Sellers of
computer security products and services sometimes fret that their messaging is
too scary as they go on about risk, data loss and regulatory fines. To get
around this, every so often they like to remind potential buyers that their
wares are also business enablers. The case is easier to make in some areas than
others, one such is identity and access management (IAM).
In the old
days (pre-business use of the internet) IAM was mainly about providing
identities to employees (and the odd contractor) to give them access to various
in-house applications. This was generally from PCs and dumb terminals situated
on premise and owned by the business; all was restricted to private networks.
How things have changed.
A recent
Quocirca report, Digital
identities and the open business, shows that the majority of European organisations
now open up their applications to external users; from either business
customers, consumers or both. This is done entirely for positive business
reasons, the top drivers being direct transactions with customers, improved customer
experience, smoother supply chains and revenue growth.
However, this
requires a level of IAM to be put in place that enables the quick capture and
on-going authentication of identities. One of the challenges this throws up is
the need for federated identity management.
Organisations
that only need to worry about their own employees can put in place a single directory
for centralised storage and rely solely on this to underpin IAM requirements. Microsoft
Active Directory is by far the most common "internal directory". However, when
it comes to users from external organisations a whole range of other identity
sources come in to play.
For users
from business customers and partner organisations, it will often be the target
organisation's own directory (so may be another instance of Active Directory).

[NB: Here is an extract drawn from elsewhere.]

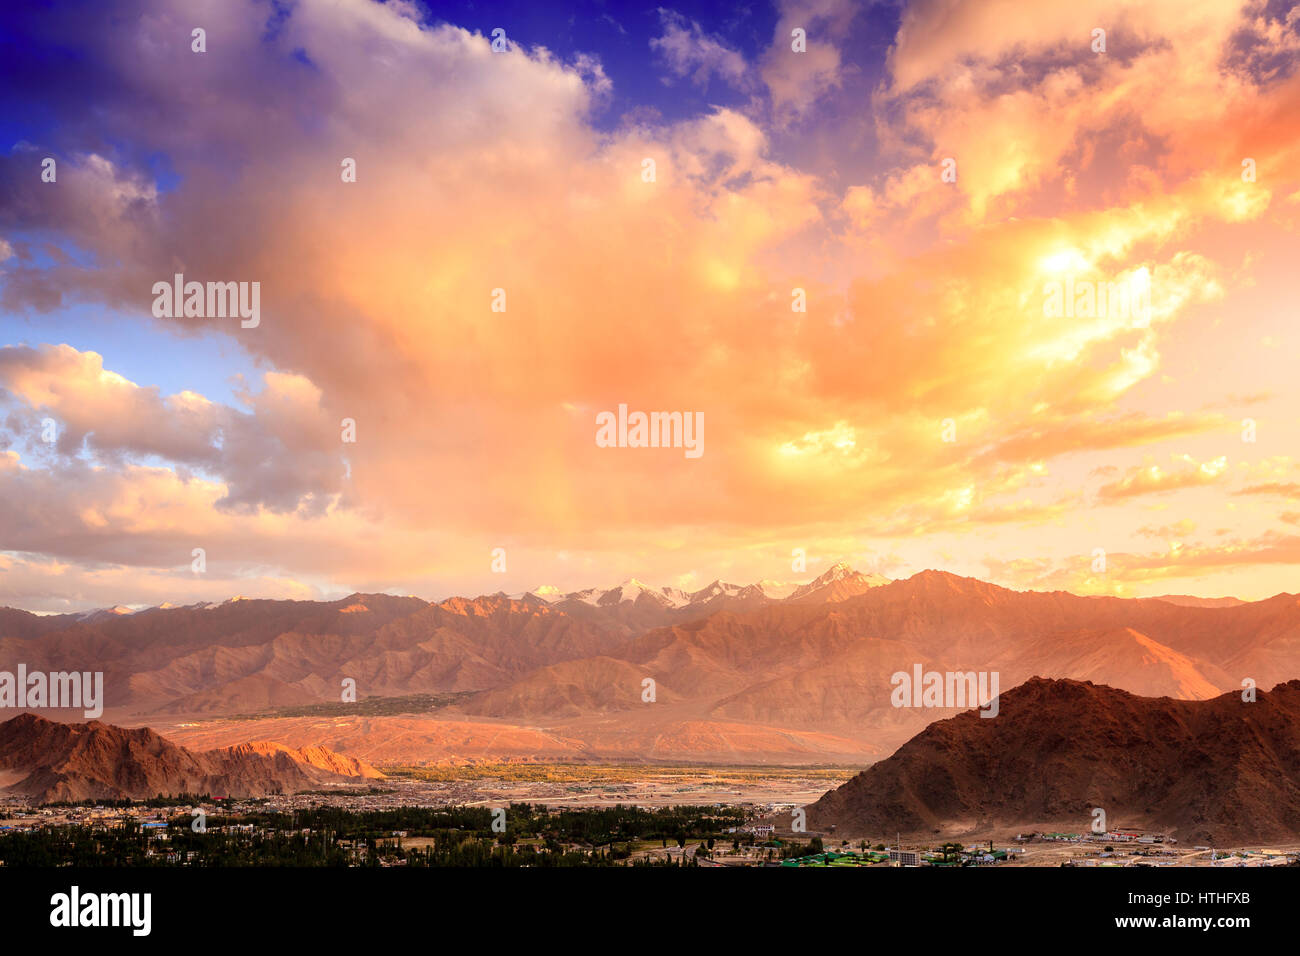 Bird's eye view of city of Leh in Ladakh, Kashmir and surrounding mountains Stock Photo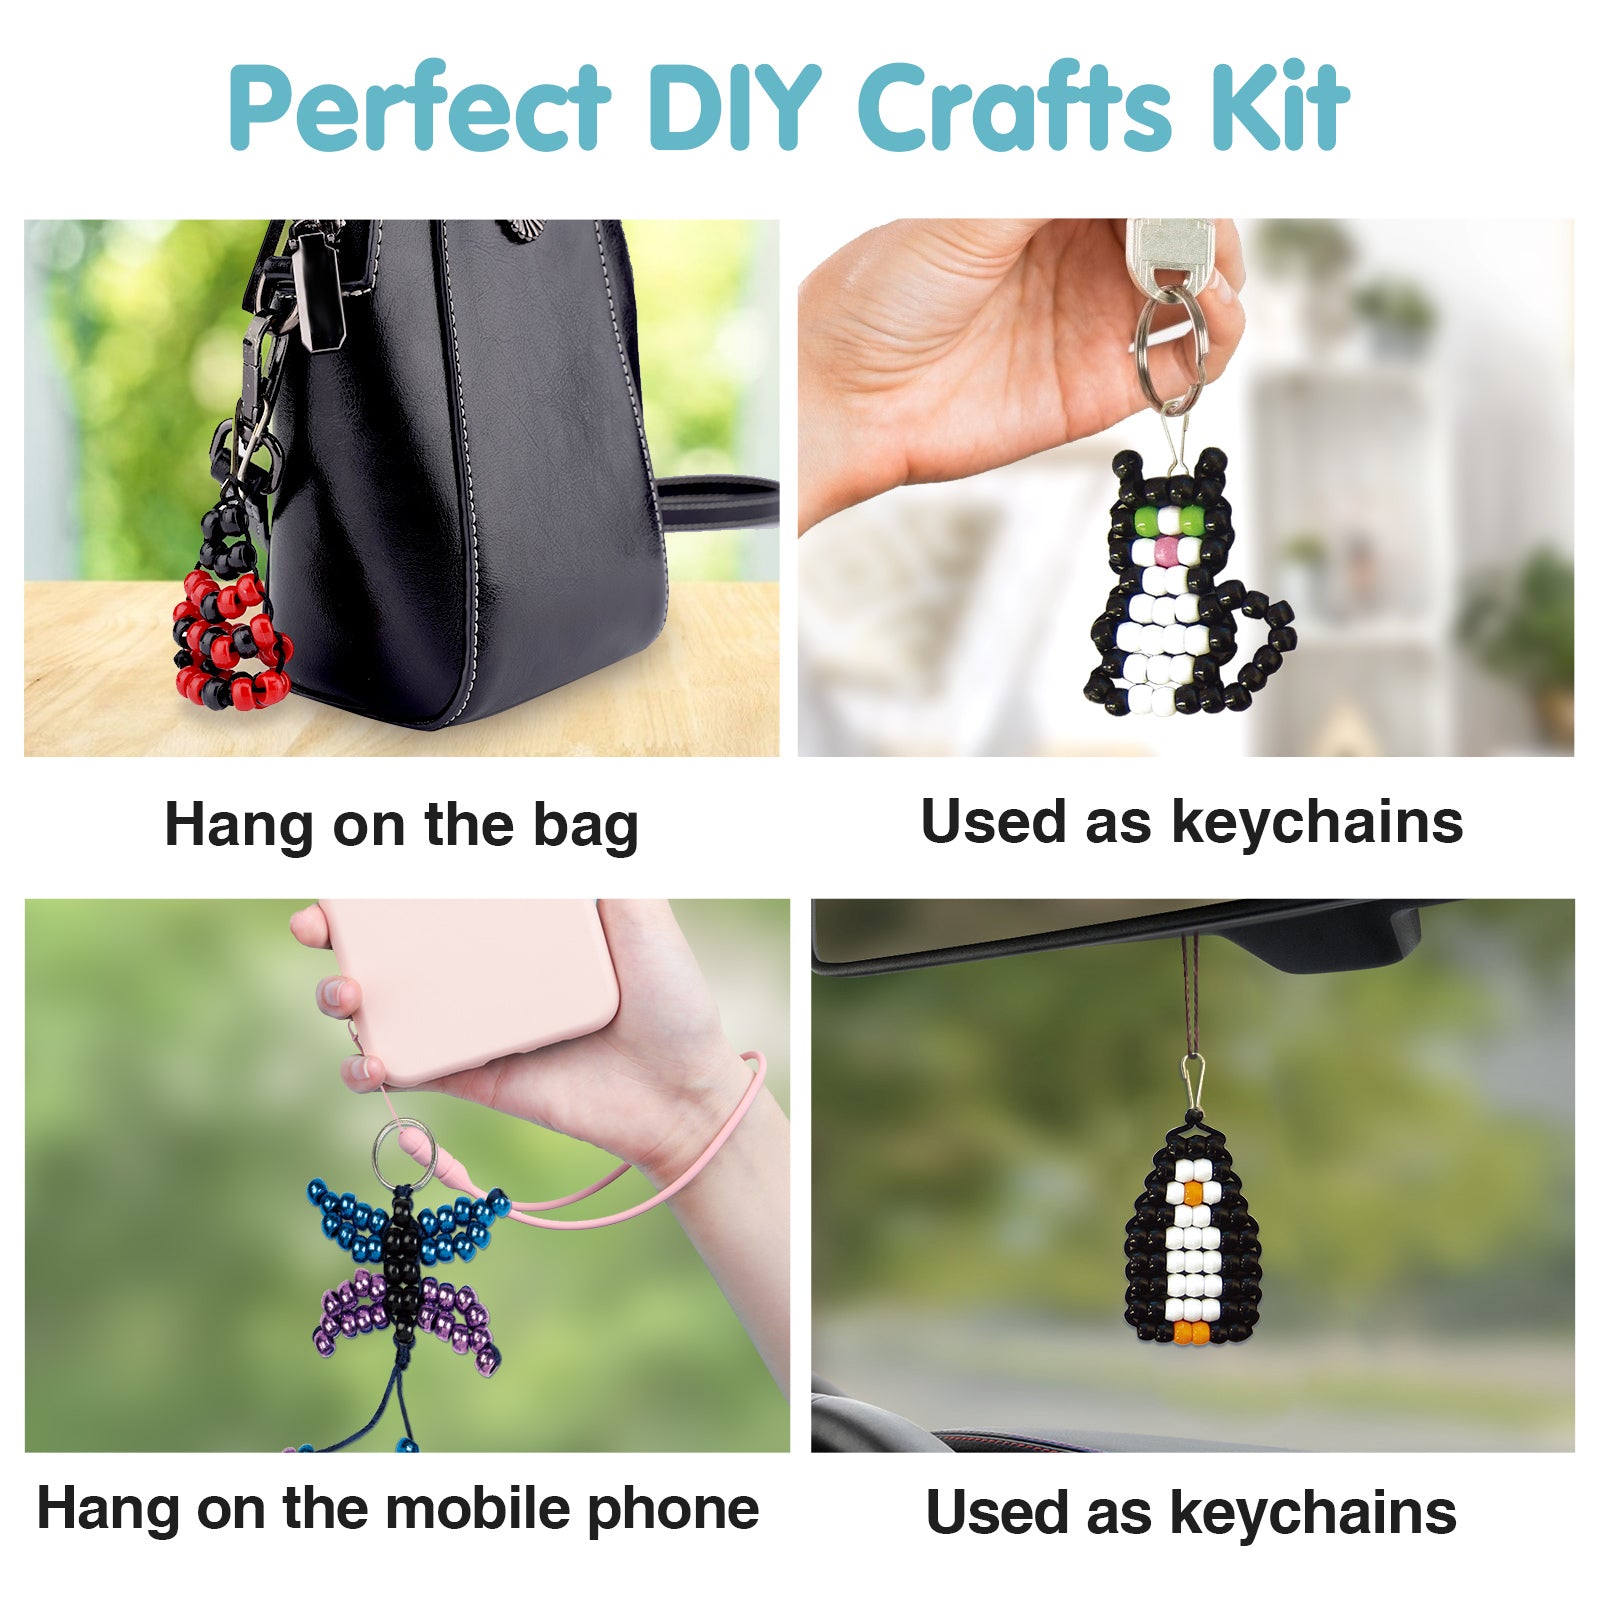 TBC The Best Crafts 641 Pcs Bead Pets Crafts for Kids Pony Beads Pet Keychain Craft Kit DIY Keychain Kit Create Your Own Backpack Hook Keyring

However, identities may also be sourced from the membership lists of
professional bodies (e.g. legal and accounting associations), government
databases and social media sites.
When it
comes to dealing with consumers, social media tops the list as a source of
identity. Many of us will already be familiar with, being able to optionally
use our Facebook identities to login to sites like Spotify of JustGiving. Wherever
an identity is sourced from it is clear that for external users there is a
growing concept of BYOID (bring-your-own-identity).
Some may
frown at this and wonder how secure it can all be. The answer to that is down
to the IAM system in place. This is where the different sources of identity are
federated and policies about who can access what are enforced.
Banks would
clearly be taking a great risk by allowing a user to move large sums of cash
around based on a Google identity, but it may be good enough to answer an
enquiry about opening a new account and capturing some basic details to kick
the relationship off. If things go further the expense of creating a more
secure identity and means of authentication can go ahead and the details updated
in the IAM system.
Quocirca's
report shows that when IT and IT security managers think about IAM they still
think primarily in terms of achieving certain security goals. However, its use
for achieving business goals is creeping up the list the priorities.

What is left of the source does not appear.